Note that it's 10.11.0.2:519 <-> 10.11.0.3:520 both ways.

I'm not sure how that secondary is pulling the VIP for its own address there.

sef1414

@jimp

Hmm ok. Changing it manually just gets overwritten, as I expected. Any thoughts on where to go from here?

For the host unreachable messages, do I need some explicit firewall rule to pass the traffic on that interface? I wouldn't think I would since its not mentioned in docs and the traffic is on the some interface.

jimp

Not sure why it's picking the VIP there, but it might be related to https://redmine.pfsense.org/issues/11545 -- I don't think I've ever seen that be triggered by a CARP VIP though, especially not that reliably.
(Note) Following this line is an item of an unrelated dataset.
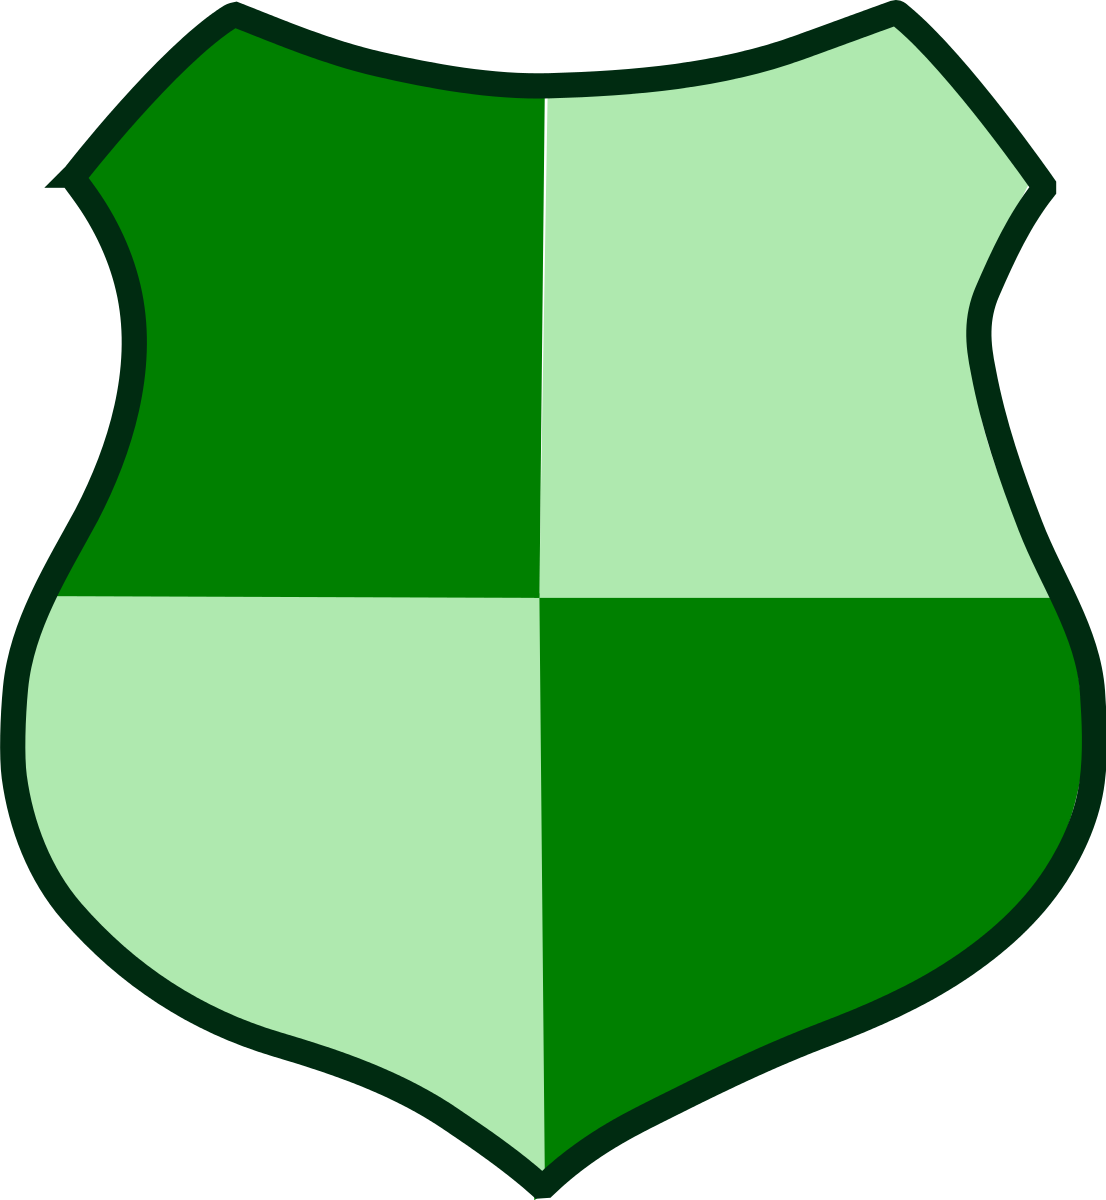 Shield images clipart

I'd take a closer look at the interface and VIP settings and see if anything stands out there.

sef1414

@jimp

Alright. No joy on re-saving interface / VIP. Pretty sure I have everything configured correctly, have run through too many times to count.

Any shot its caused by different phsyical NIC models?

jimp

No, the NIC models only affect state sync, not DHCP sync. And even then the state sync isn't affected anymore since we moved back away from interface-bound states.